» WORK ORDER
Restate word for word the entries below, starting at the line with "Shop Bowls + Serveware" and ending at the line with "eFlex on lighweight". Keep both end lines and omit the pictures.

» DATASET EXTRACT
☆ ☆ ☆ ☆ ☆
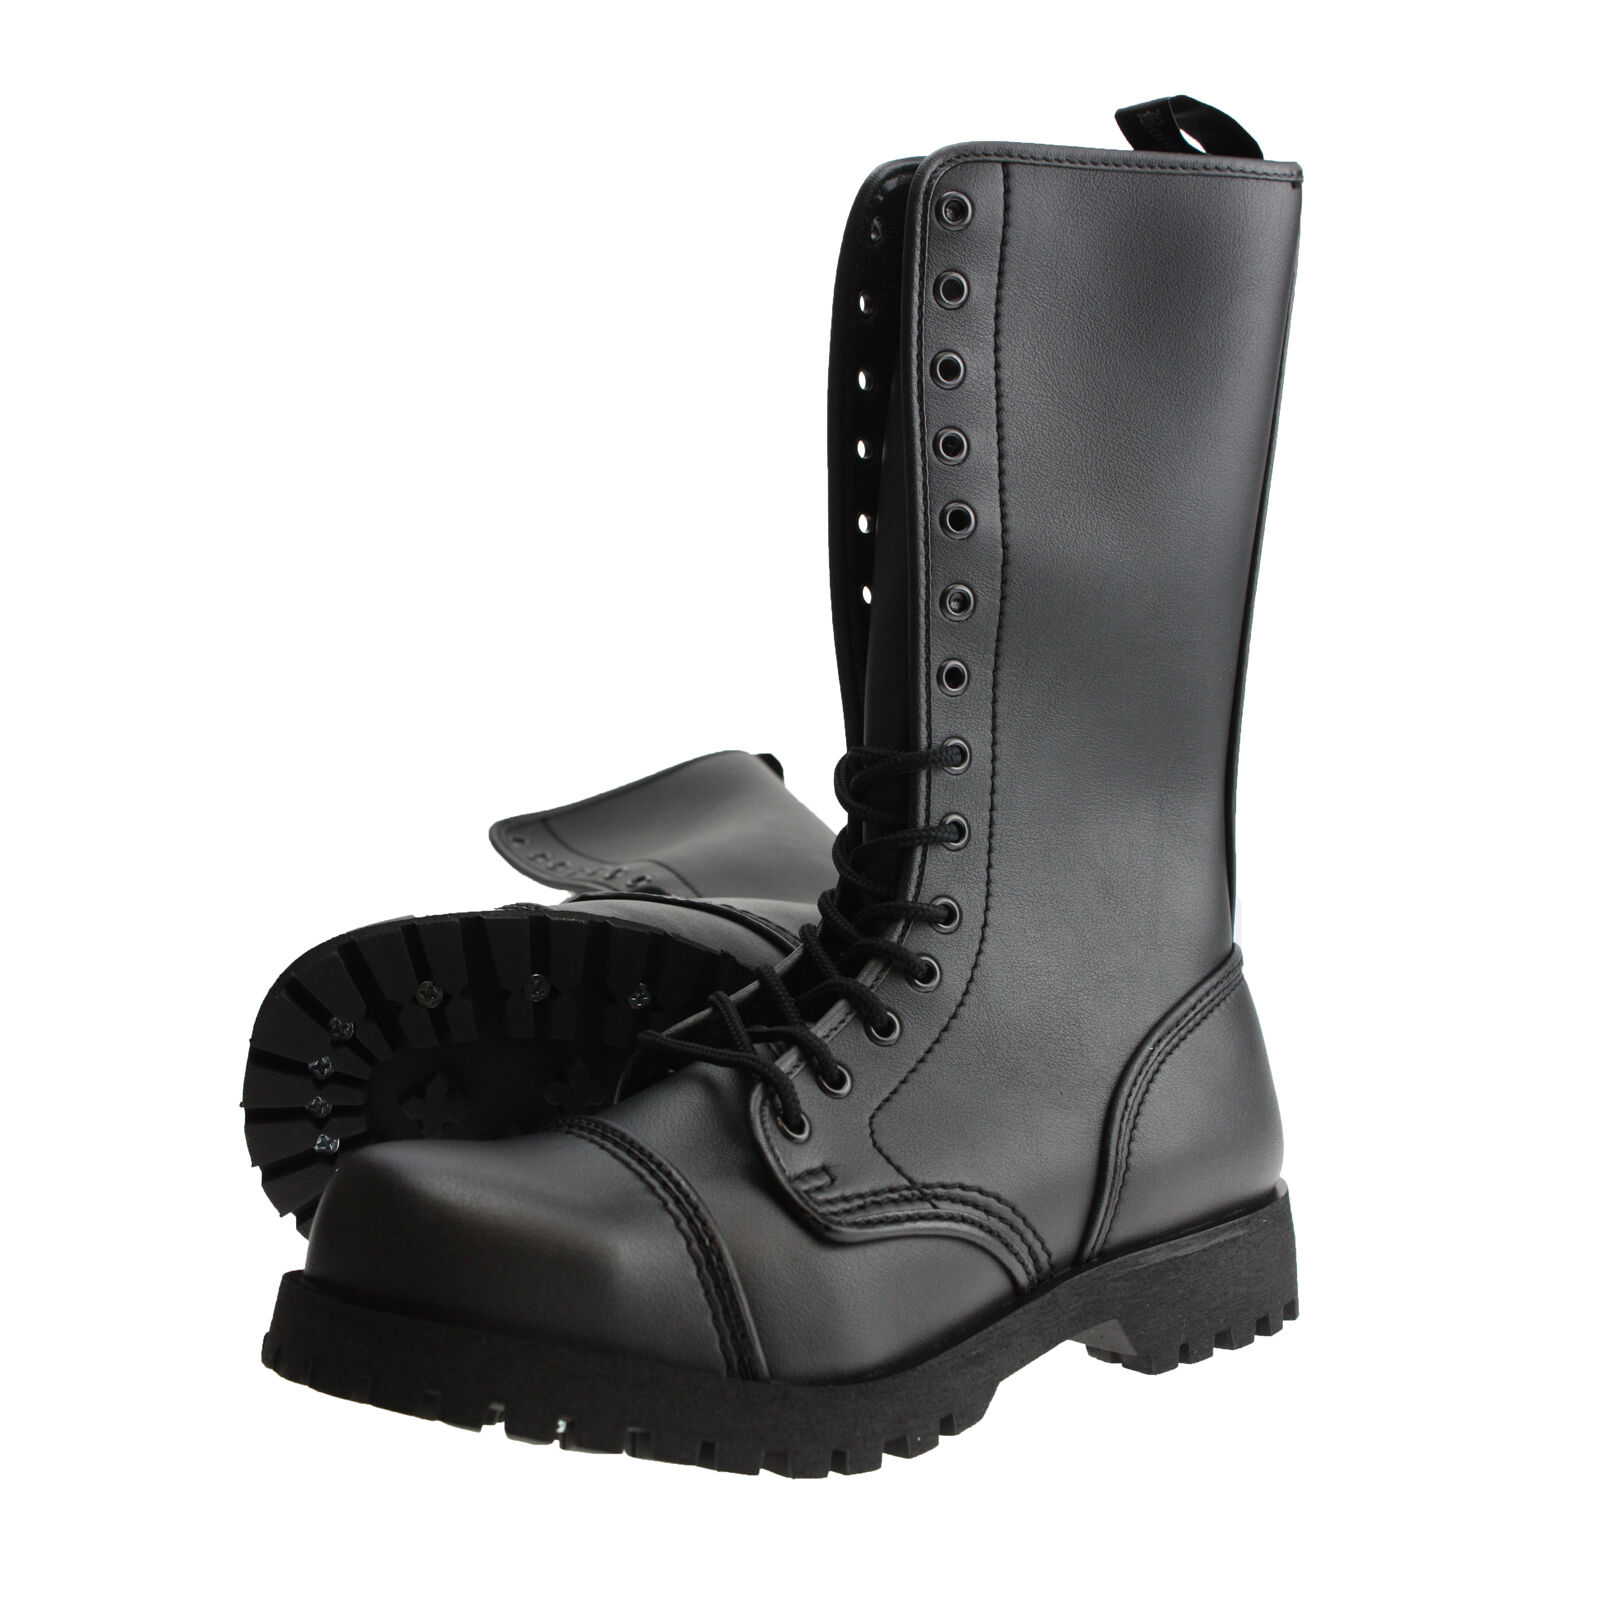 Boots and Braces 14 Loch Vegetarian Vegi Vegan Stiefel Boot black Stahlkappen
☆ ☆ ☆ ☆ ☆
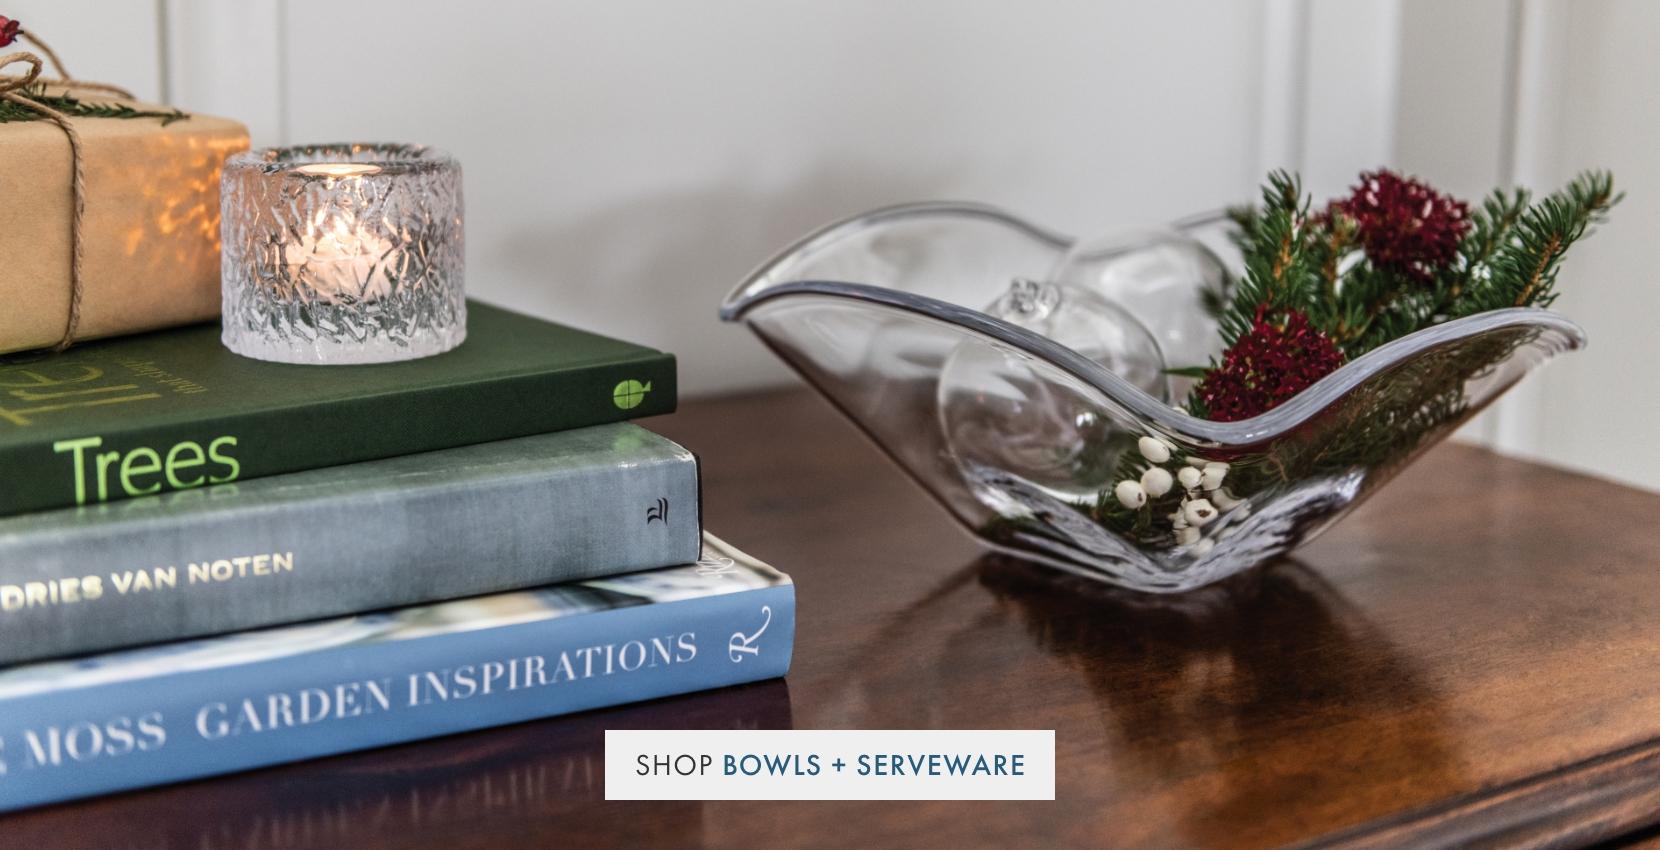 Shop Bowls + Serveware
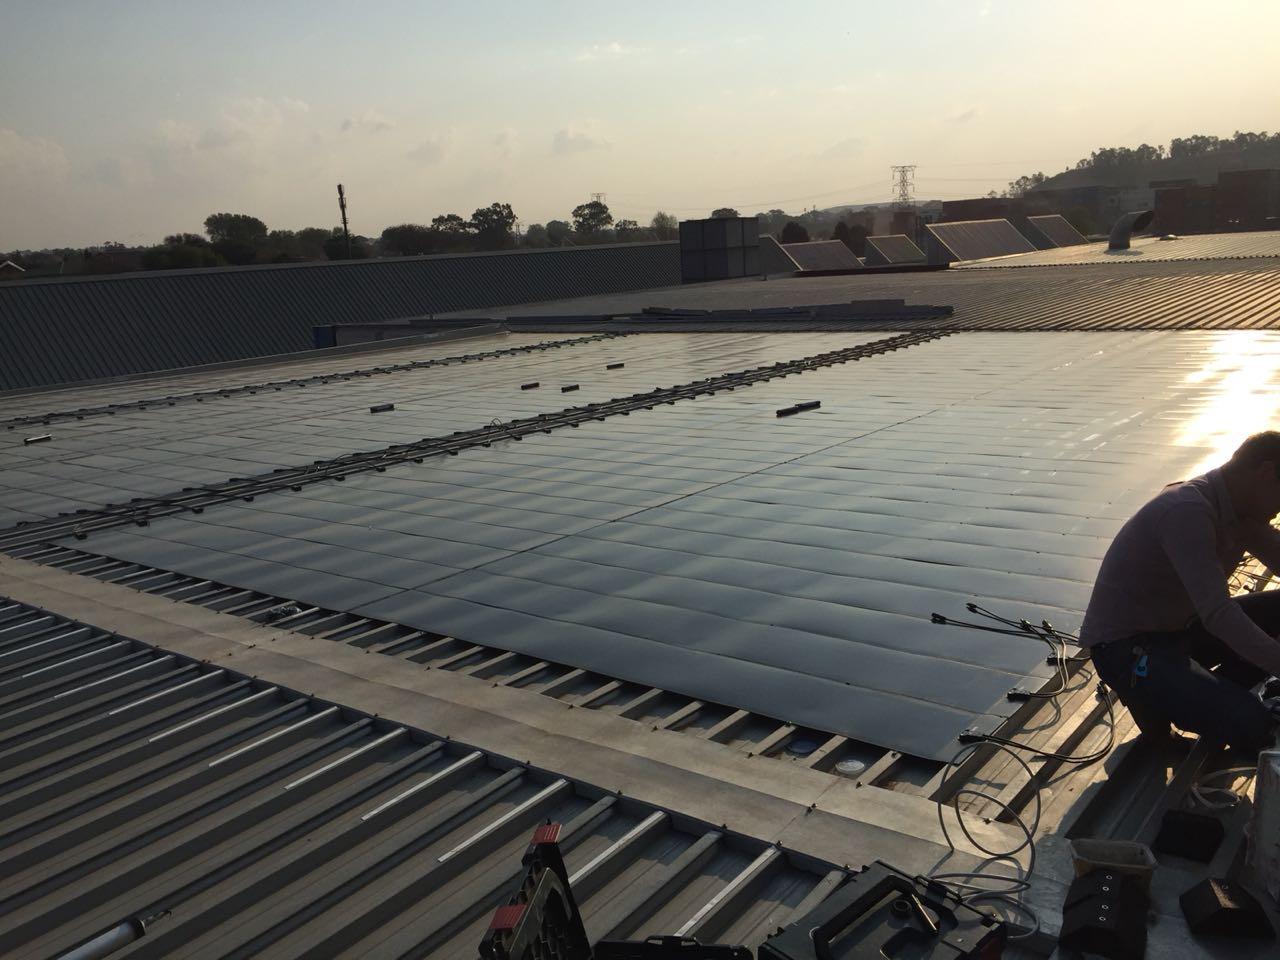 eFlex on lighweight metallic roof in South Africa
☆ ☆ ☆ ☆ ☆
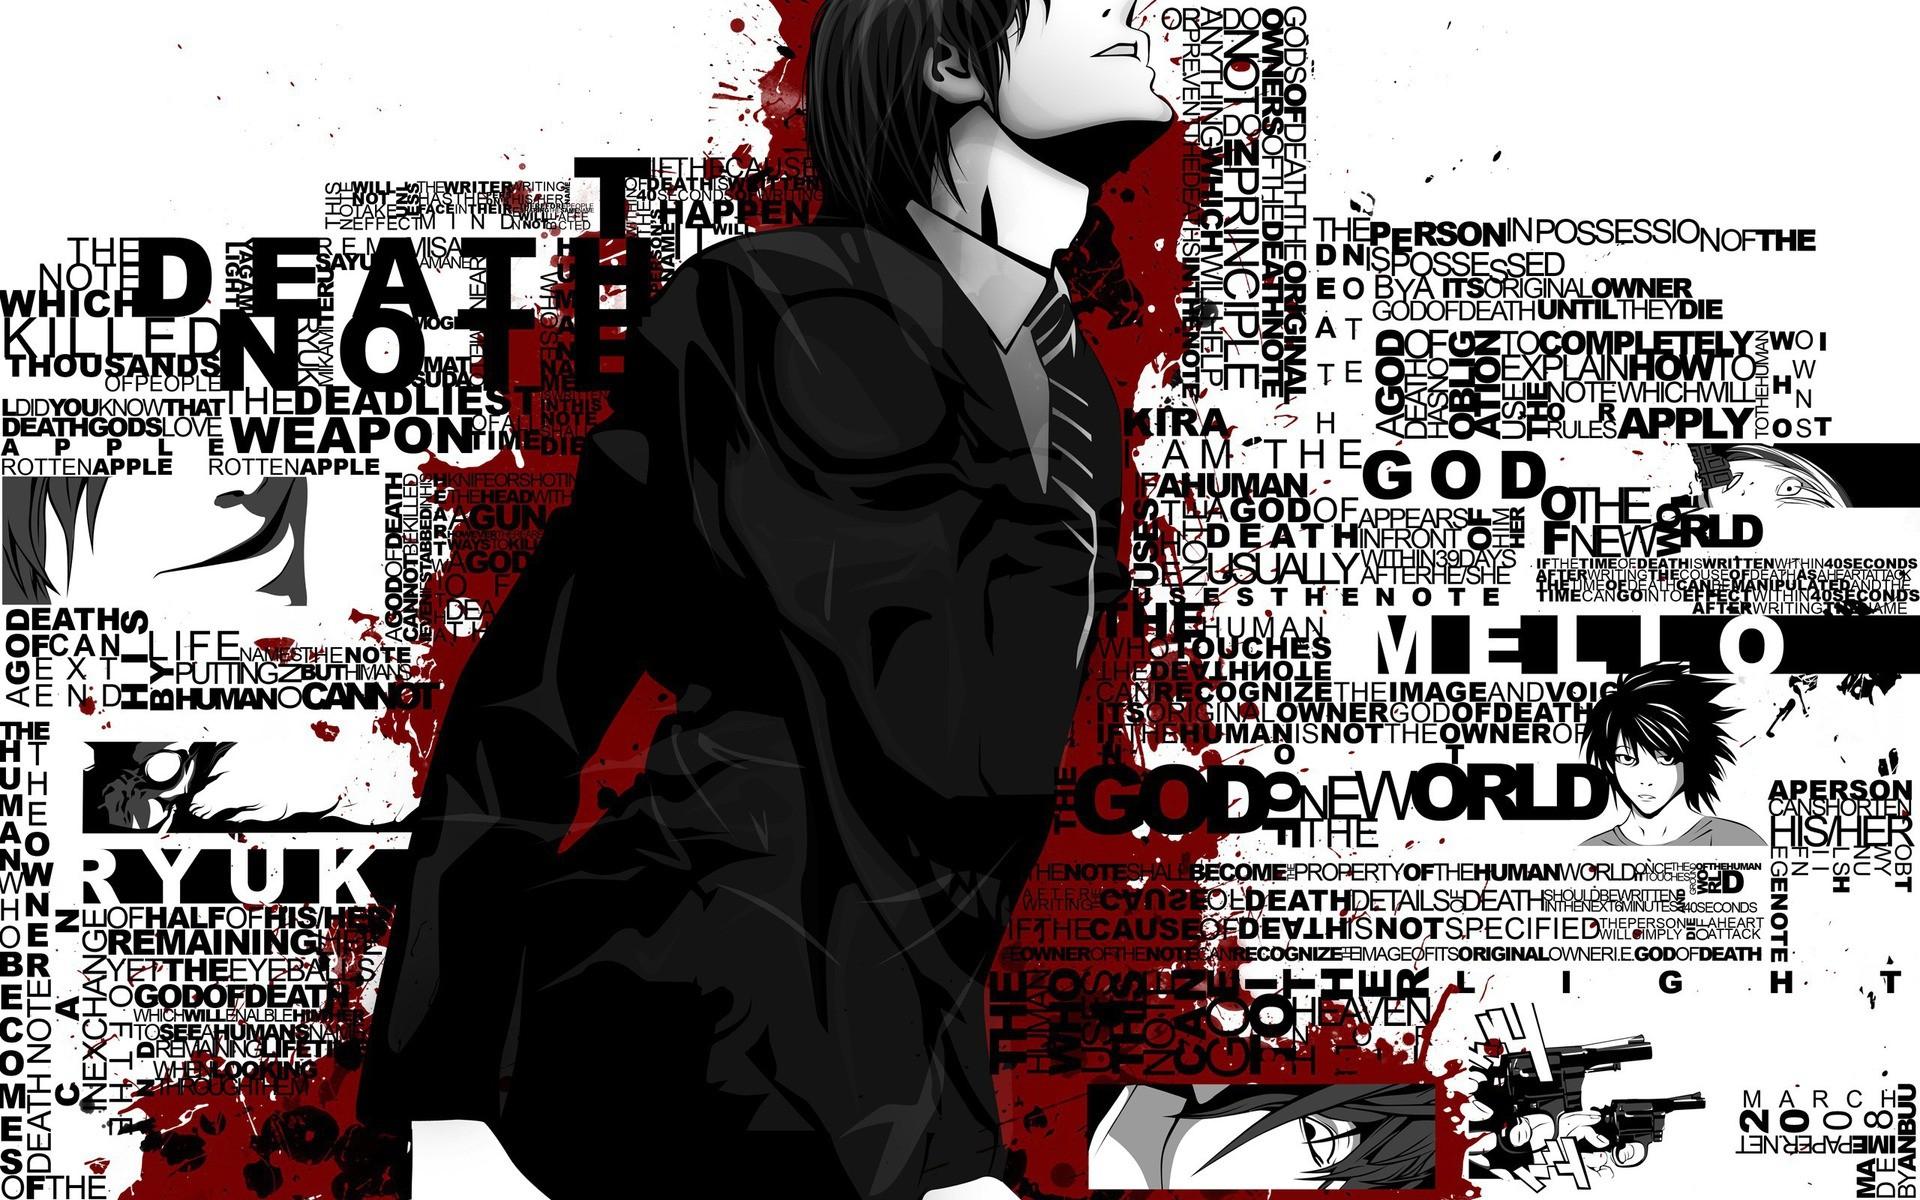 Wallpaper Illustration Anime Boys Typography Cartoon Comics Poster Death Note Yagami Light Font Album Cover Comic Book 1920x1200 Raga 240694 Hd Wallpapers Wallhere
☆ ☆ ☆ ☆ ☆
» EXERCISE ANSWER
 Shop Bowls + Serveware
 eFlex on lighweight metallic roof in South Africa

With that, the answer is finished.